Un jefe regional de una empresa de arriendo de vehículos fue despedido, encontró a su reemplazante listo para ocupar el cargo y tuvo que retirarse sin despedirse de su equipo. El Juzgado de Letras del Trabajo de Punta Arenas determinó que la empresa vulneró su integridad psíquica y la condenó a pagarle $29.667.146.
Según se puede apreciar en el fallo judicial, el trabajador había ingresado a la empresa el 13 de mayo de 2024. Se desempeñaba como jefe regional y su gestión había sido destacada por el gerente general durante una reunión de fin de año de 2025.

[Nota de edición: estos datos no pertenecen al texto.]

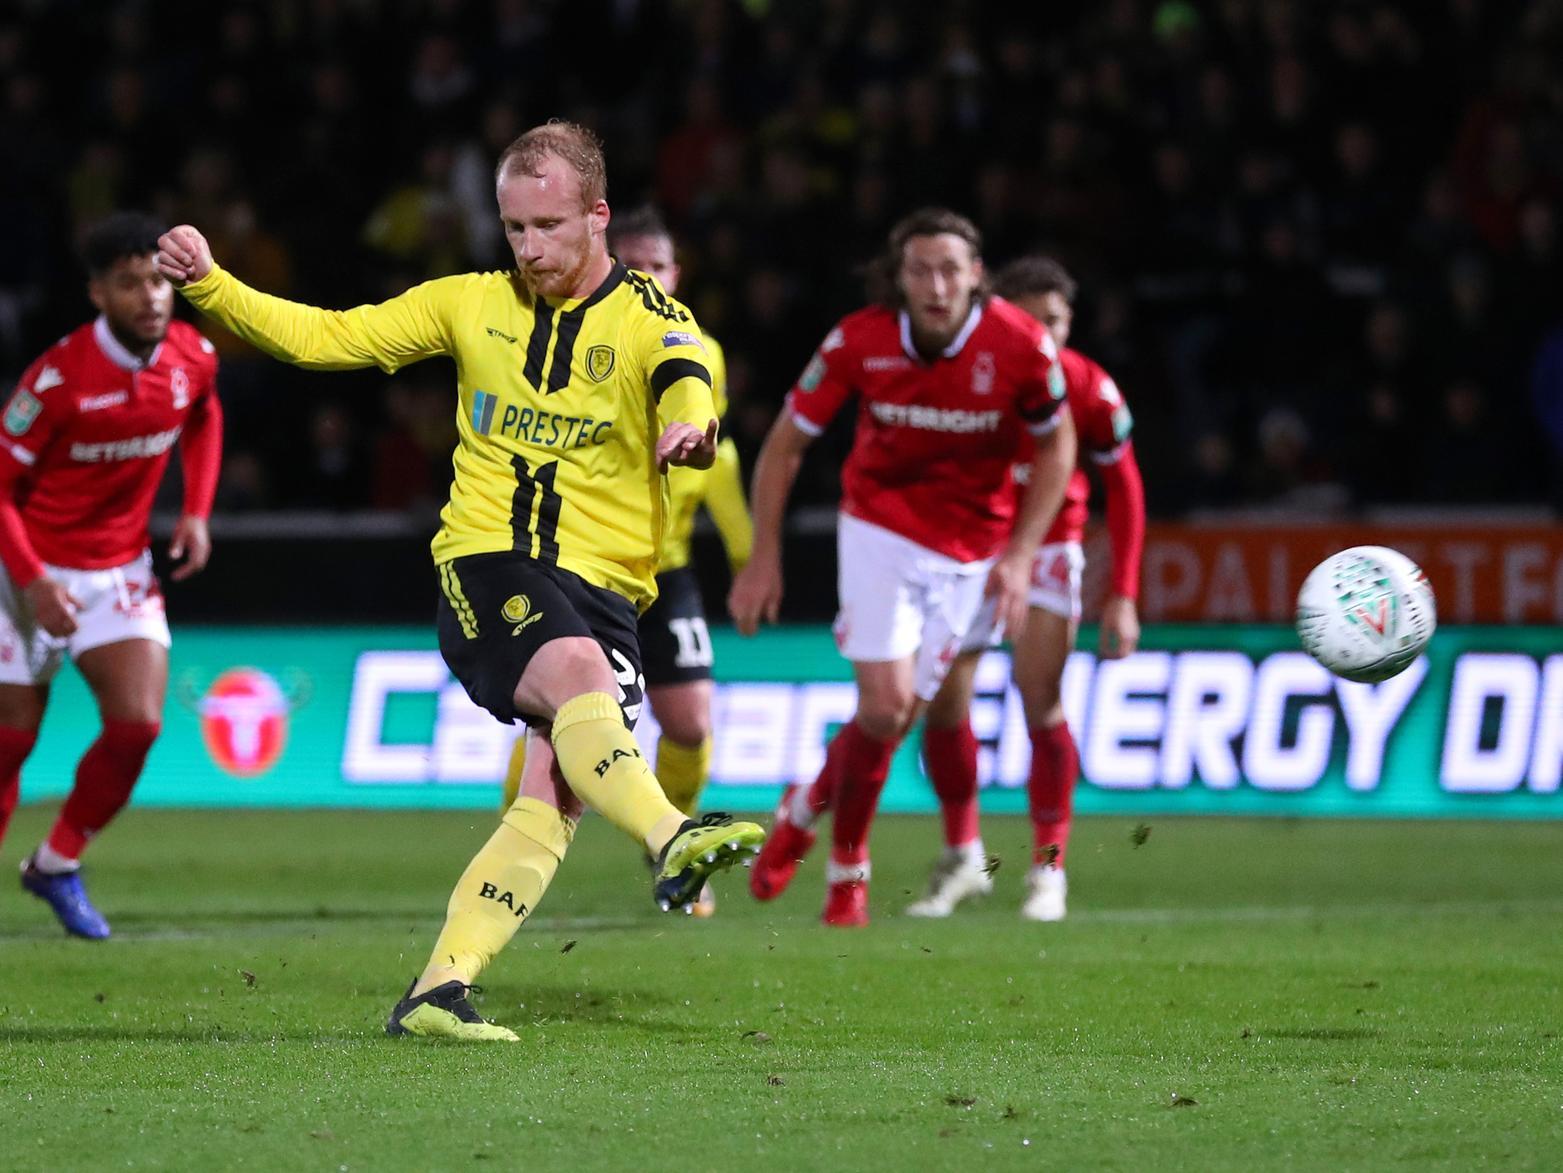 Burton midfielder Liam Boyce has been linked with a move to Sunderland. (The Sun)
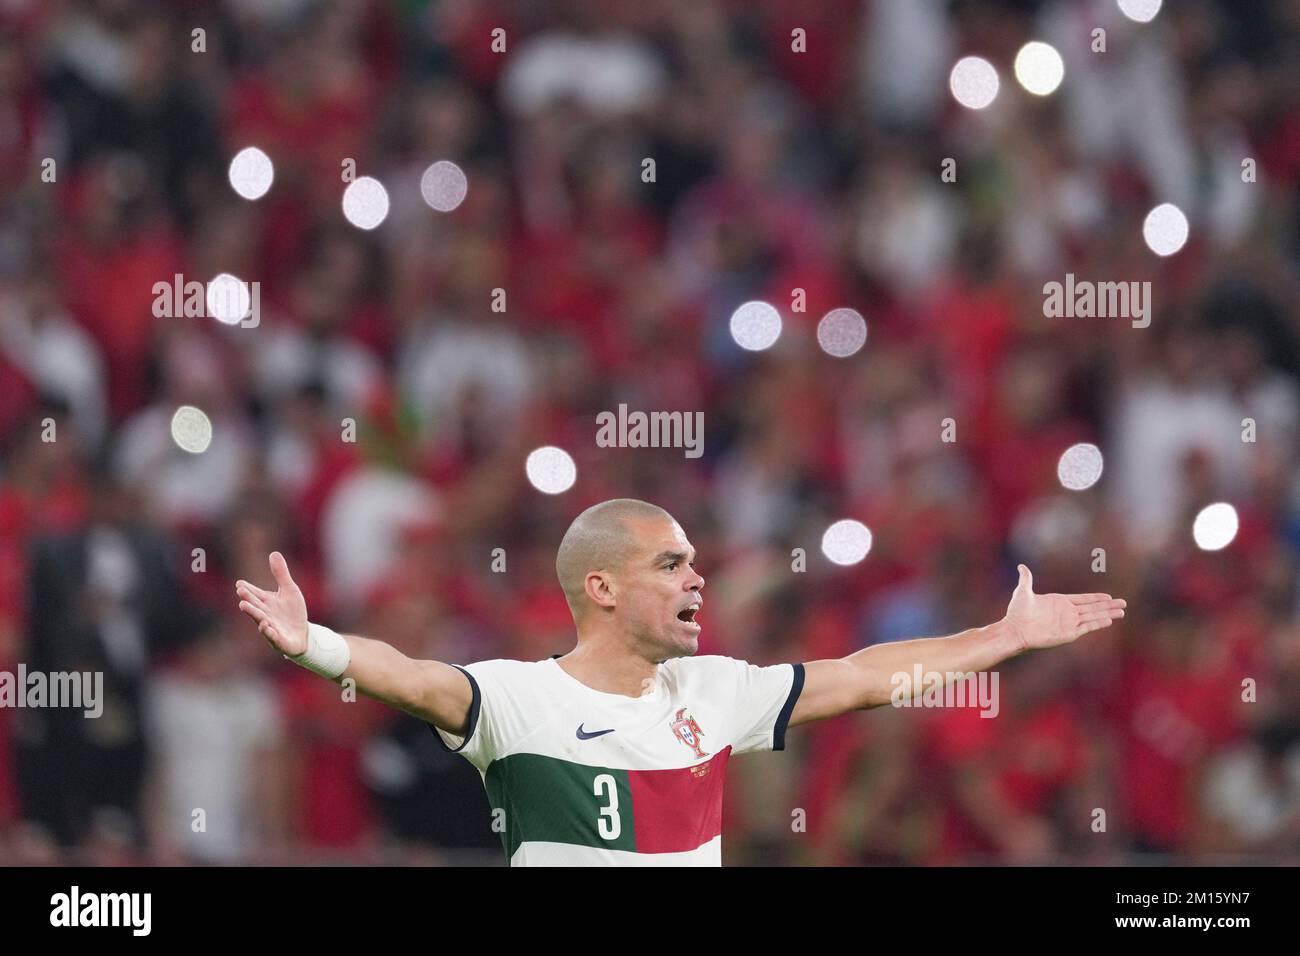 Doha, Qatar. 10th Dec, 2022. Pepe of Portugal reacts during the Quarterfinal between Morocco and Portugal of the 2022 FIFA World Cup at Al Thumama Stadium in Doha, Qatar, Dec. 10, 2022. Credit: Xiao Yijiu/Xinhua/Alamy Live News Stock Photo

Meses antes del despido, otro trabajador de la sucursal inició dos causas judiciales contra la empresa, sustentadas en acusaciones contra el jefe regional. Una de ellas terminó mediante un avenimiento por $4 millones, sin que la empresa reconociera los hechos denunciados.
El 3 de marzo de 2026, el gerente de operaciones viajó desde Santiago a Punta Arenas y comunicó personalmente el despido. Según estableció el tribunal, le señaló que la decisión estaba relacionada con la molestia y desconfianza generadas por esos litigios y por los costos del acuerdo y la defensa jurídica.
Ese mismo día llegó desde Santiago quien ocuparía su puesto. El trabajador debió salir de su oficina para que ingresara su reemplazante, fue desconectado inmediatamente de la plataforma digital de la empresa y, por instrucción del gerente, tuvo que abandonar las dependencias sin despedirse de los funcionarios.
¿Qué decidió el Juzgado de Letras del Trabajo?
La empresa justificó el término del contrato señalando que el puesto era de “exclusiva confianza”. Sin embargo, el juez Cristian Javier Armijo Silva concluyó que las funciones reales no cumplían los requisitos para aplicar esa causal. Entre otras limitaciones, el trabajador no podía contratar o despedir personal ni modificar remuneraciones o jornadas sin autorización.
El tribunal estableció además que existieron indicios suficientes para concluir que el despido estuvo motivado por hacer recaer sobre el trabajador el costo de los litigios anteriores. Sobre la forma de ejecutar la salida, sostuvo que “ninguna de esas medidas resulta necesaria para materializar una desvinculación”.
El Juzgado condenó a la empresa a pagar $24.561.845 como indemnización adicional, $3 millones por daño moral y $2.105.301 por el recargo de la indemnización por años de servicio, totalizando $29.667.146, más reajustes e intereses. La sentencia también ordenó remitir una copia a la Dirección del Trabajo.